The given rectangular solid is defined by $\mathfrak{R}=\left\{\right(x,y,z)\mid 0\le x\le 4, 0\le y\le 3, 0\le z\le 2\}.$

As we know the center of mass is the midpoint of the coordinates, so the center of mass coordinates are:

$$\begin{gathered} (\overline{x},\overline{y},\overline{z})=\left(\frac{0+4}{2},\frac{0+3}{2},\frac{0+2}{2}\right) \\ (\overline{x},\overline{y},\overline{z})=\left(2,\frac{3}{2},1\right) \end{gathered}$$

It is given that the density of R is uniform throughout, so the coordinates will be the same as the center of mass coordinates.

Thus, the coordinates of the center of mass are $\left(2,\frac{3}{2},1\right).$

We have to use an appropriate integral expression to verify the center of mass. 

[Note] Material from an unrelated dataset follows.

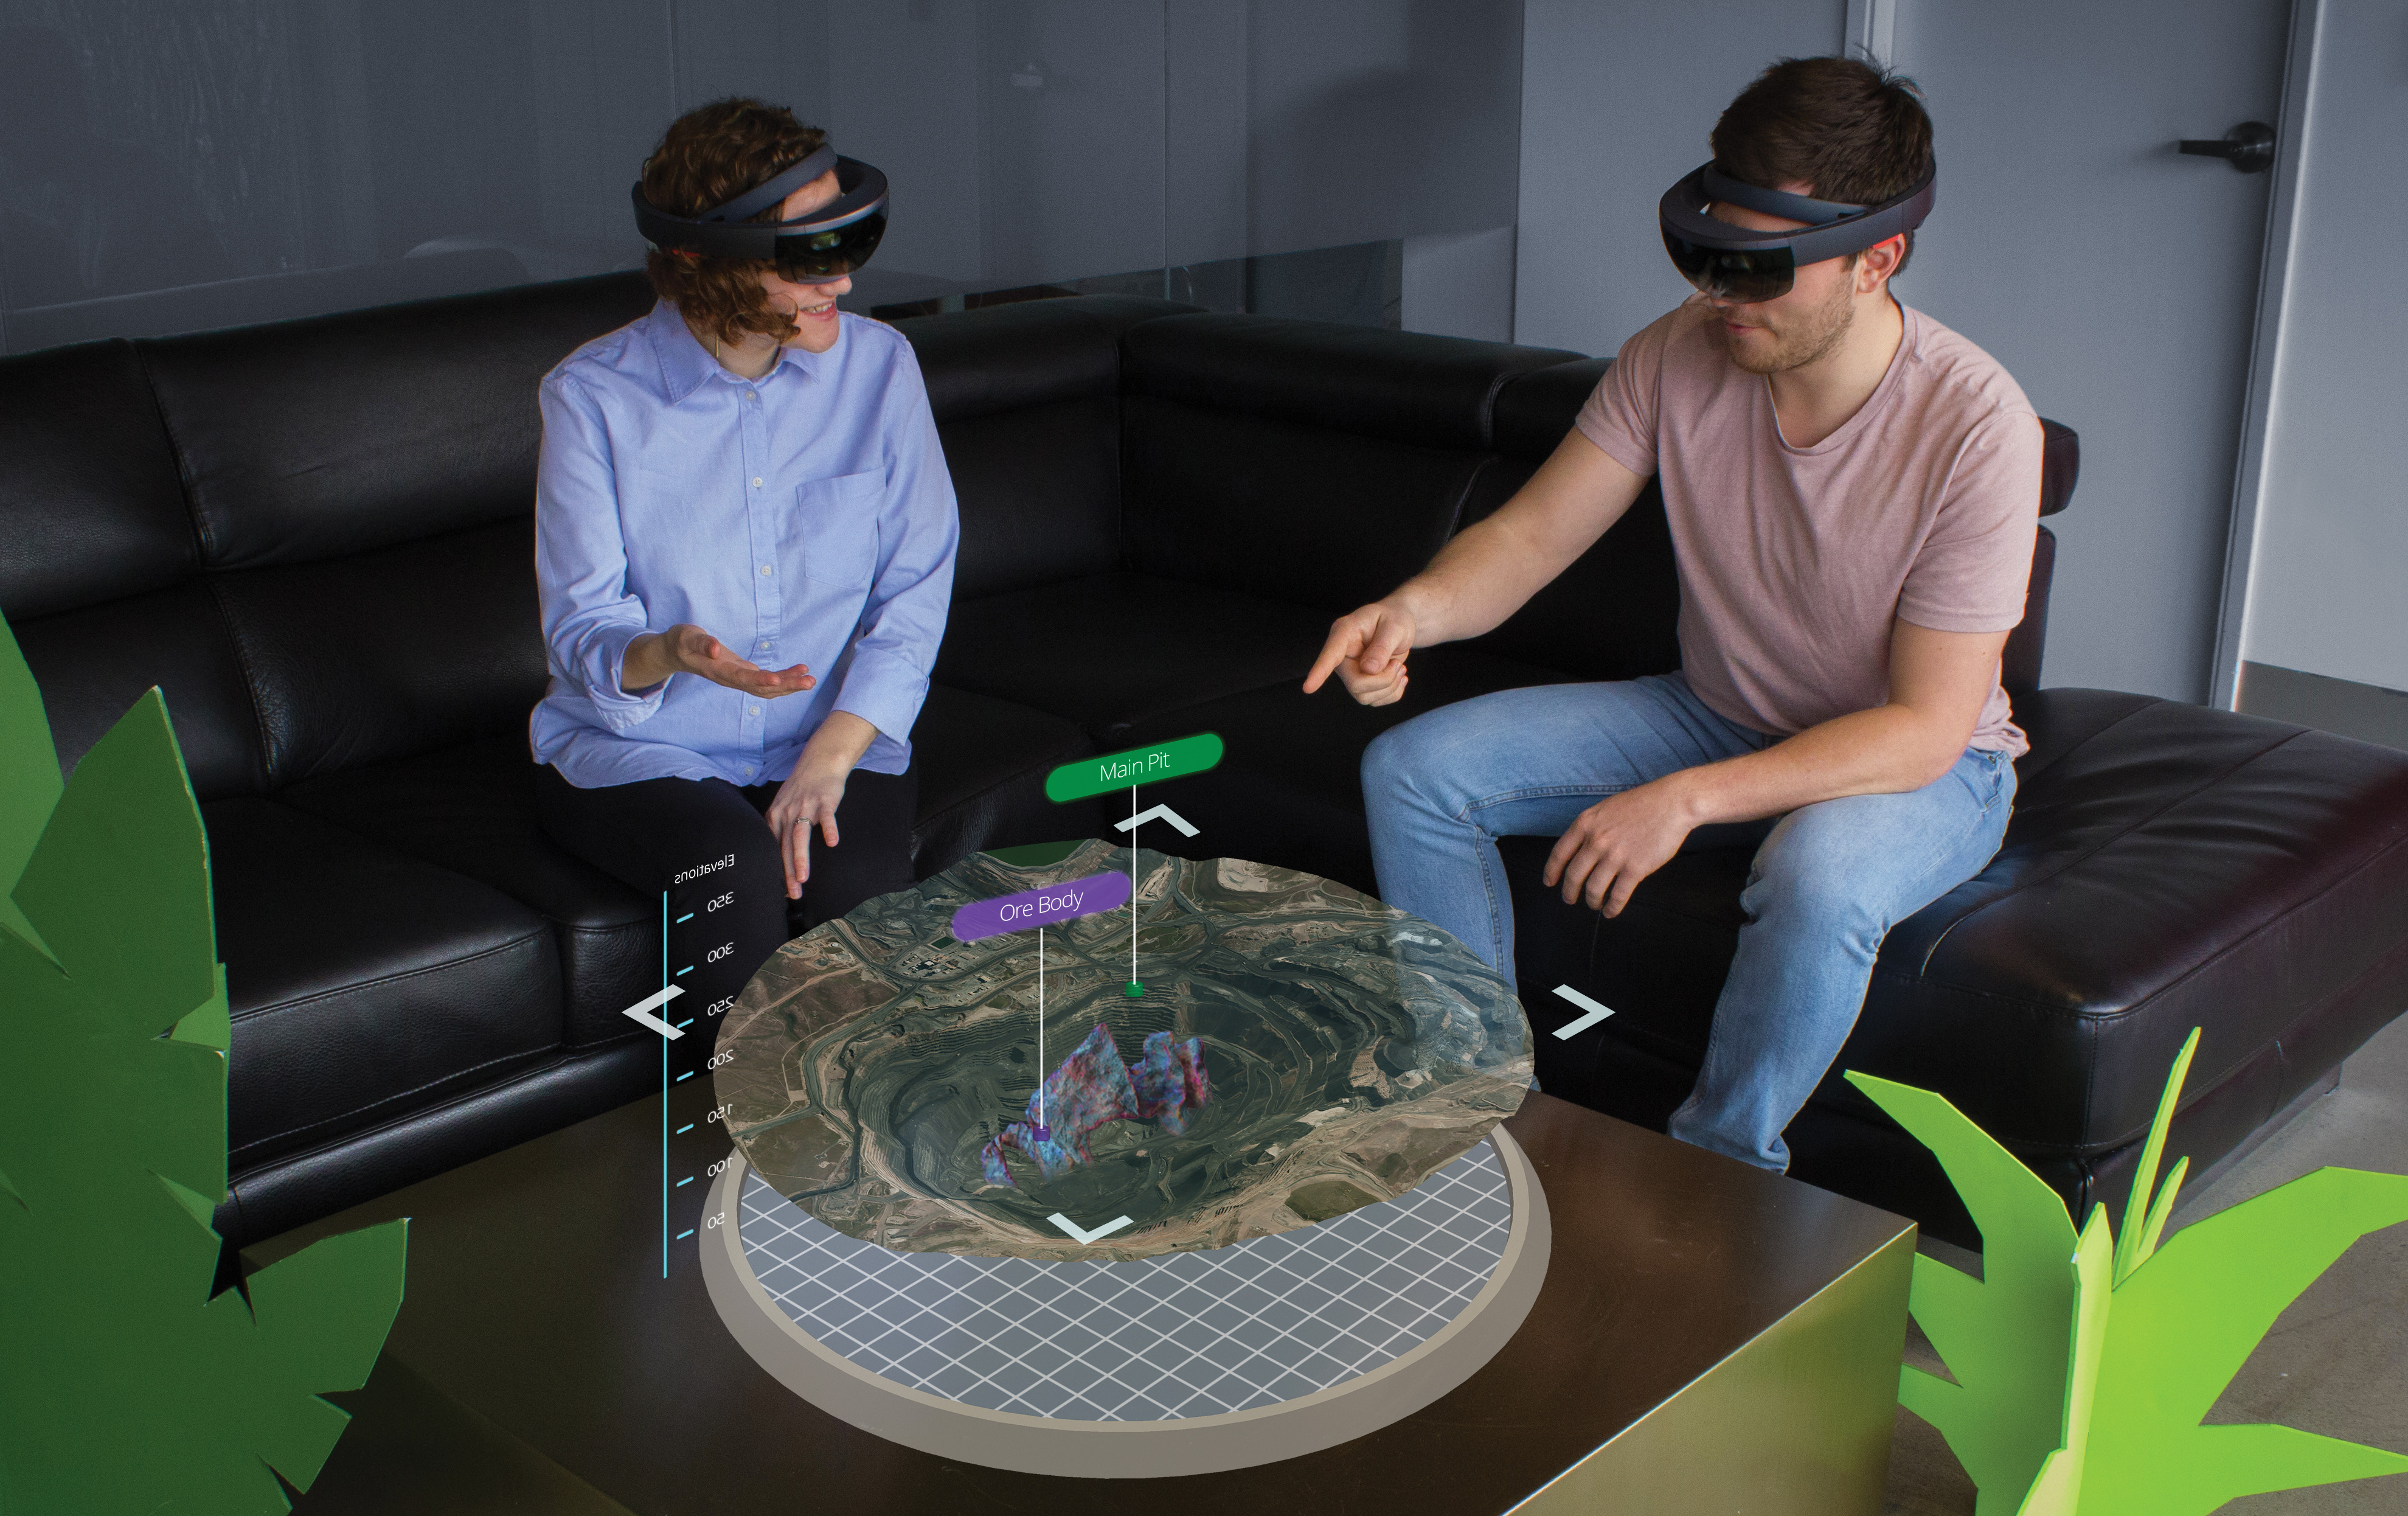 people wearing VR headsets explore a virtual mine

Now, the density of R is uniform throughout, so $\rho (x,y,z)=1.$

To find the center of mass let's find the mass of the solid:

$$\begin{gathered} M={\iiint }_R\rho (x,y,z)dzdydx \\ M={\int }_0^4{\int }_0^3{\int }_0^2\left(1\right)dzdydx \\ M={\int }_0^4{\int }_0^3[z{]}_0^{2}dydx \\ M=24 \end{gathered}$$

Now, the center of mass is,

$$\begin{gathered} \overline{x}=\frac{M_{yz}}{M}=\frac{{\iiint }_{T}x\rho (x,y,z)dxdydz}{\iiint \rho (x,y,z)dxdydz} \\ \overline{x}=\frac{1}{M}{\int }_{x=0}^4{\int }_{y=0}^3{\int }_{z=0}^{2}x dzdydx \\ \overline{x}=\frac{1}{M}{\int }_0^4{\int }_0^3\left[x{\int }_0^{2}dz\right]dydx \\ \overline{x}=\frac{1}{24}\left(48\right) \\ \overline{x}=2 \end{gathered}$$

By proceeding with the calculation further,

$$\begin{gathered} \overline{y}=\frac{M_{xz}}{M}=\frac{{\iiint }_{T}y\rho (x,y,z)dxdydz}{\iiint \rho (x,y,z)dxdydz} \\ \overline{y}=\frac{1}{M}{\int }_{x=0}^4{\int }_{y=0}^3{\int }_{z=0}^{2}ydzdydx \\ \overline{y}=\frac{1}{24}\left(36\right) \\ \overline{y}=\frac{3}{2} \end{gathered}$$

Now,

$$\begin{gathered} \overline{z}=\frac{M_{xy}}{M}=\frac{{\iiint }_{T}z\rho (x,y,z)dxdydz}{\iiint \rho (x,y,z)dxdydz} \\ \overline{z}=\frac{1}{M}{\int }_{x=0}^4{\int }_{y=0}^3{\int }_{z=0}^{2}z dzdydx \\ \overline{z}=\frac{1}{24}\left(24\right) \\ \overline{z}=1 \end{gathered}$$

Hence proved, the center of mass is $\left(2,\frac{3}{2},1\right).$